Shorter shifts mean doctors have less continuity with their patients. If one doctor leaves, another must take over. Work-hour reductions lead to more handoffs of patients, and the number of these handoffs is one of the strongest risk factors for error. As a result, many hospitalized patients are at the mercy of a real-life game of telephone, where a message is passed from doctor to doctor — and frequently garbled in the process.

Since Sanghavi’s piece was published, evidence about the effects of resident work-hour limits on medical outcomes has, if anything, become more worrisome—especially when it comes to surgery. Studies comparing teaching and nonteaching hospitals have found that the 2003 reforms were associated with an increased risk of complications for patients undergoing neurosurgery, spinal surgery, and coronary artery bypass grafts, as well as treatments for fractured hips.

“The surgical community in particular is concerned about this and feels duty hour restrictions have impaired continuity of care,” says Dr. Karl Bilimoria, a professor at Northwestern University’s Feinberg School of Medicine. The rules are a problem for surgeons in particular, Bilimoria told me, because young doctors find themselves forced to hand off patients in the middle of urgent situations—in the middle of an operation, for example, or while trying to stabilize them in the intensive care unit. Senior doctors, of course, get to stay on the case. But interns and older residents have to switch off, “and it’s simply because their clock is up and they have to leave,” he says.

As of now, it’s not clear whether the 2011 reforms that knocked intern shifts down to 16 hours are affecting quality of hospital care at all. A paper in the Journal of the American College of Surgeons didn’t find any relationship between the changes and patient outcomes. But we’ll know more once the results are published from the two large national studies that are using randomized trials to test the issue.

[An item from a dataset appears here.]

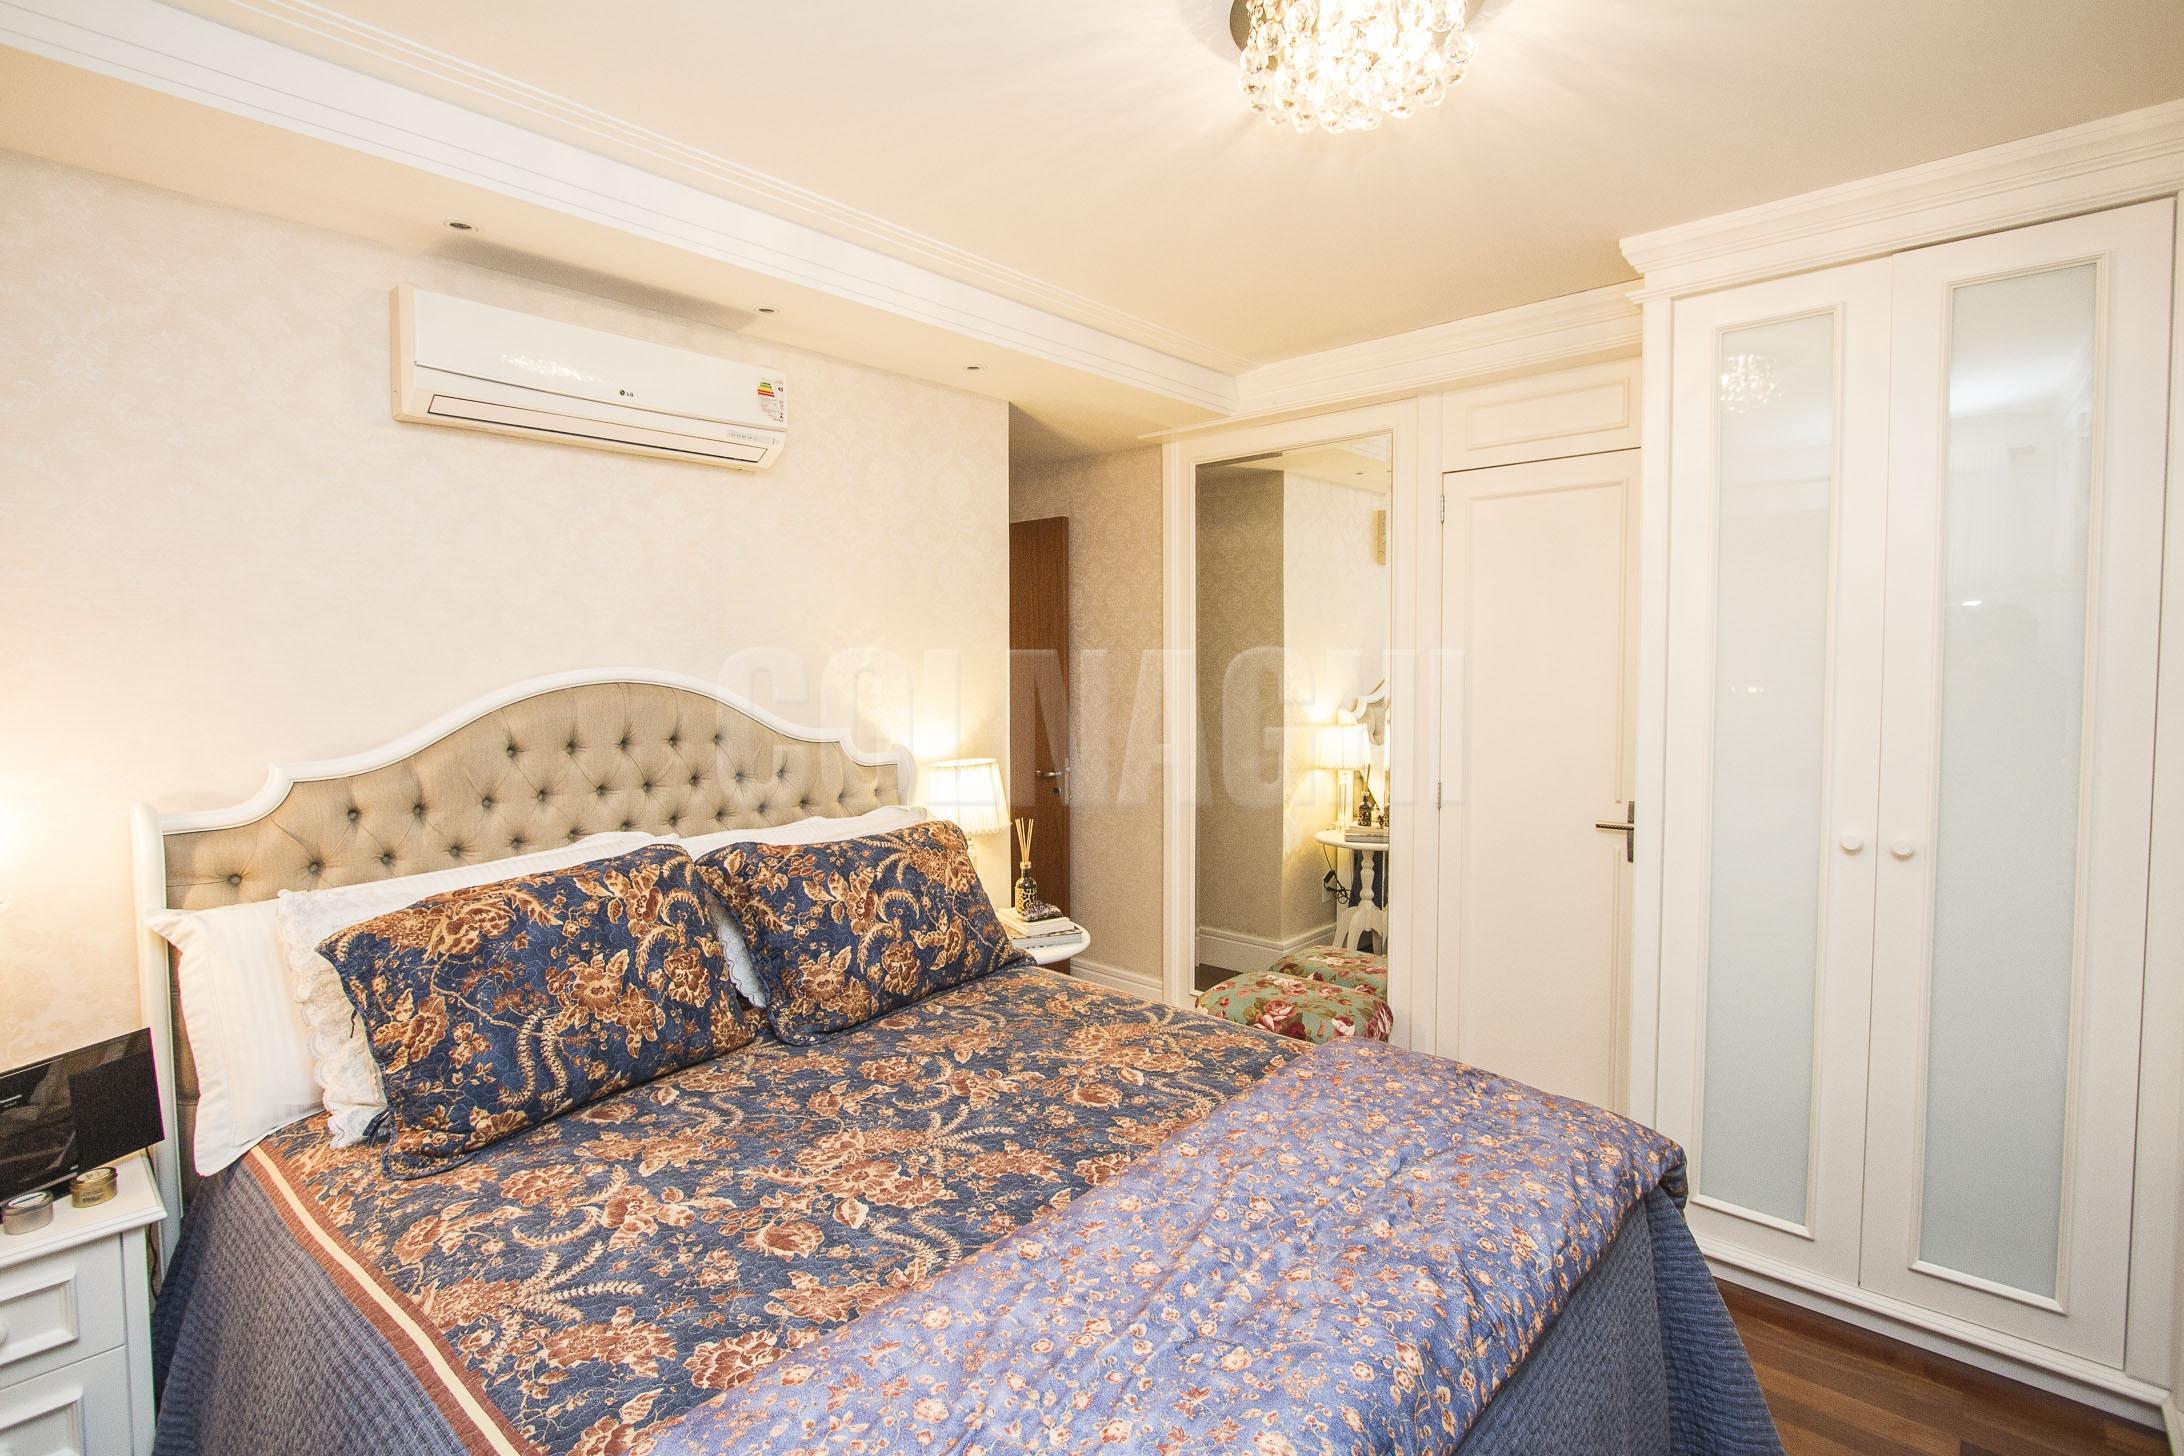 Clos Lucé - Apto 2 Dorm, Rio Branco, Porto Alegre (CL13242) - Foto 15

In the meantime, there are some signs that interns themselves may not be benefiting much from the latest changes. A 2013 study found that interns who started training after the 16-hour rule went into effect were statistically no less likely to experience depression and no more likely to feel a sense of well-being. They were also more likely to report feeling concerned about having made a serious medical error.

Ironically enough, they also didn’t seem to get much, if any, more sleep—just a statistically insignificant 12 minutes extra per night, on average.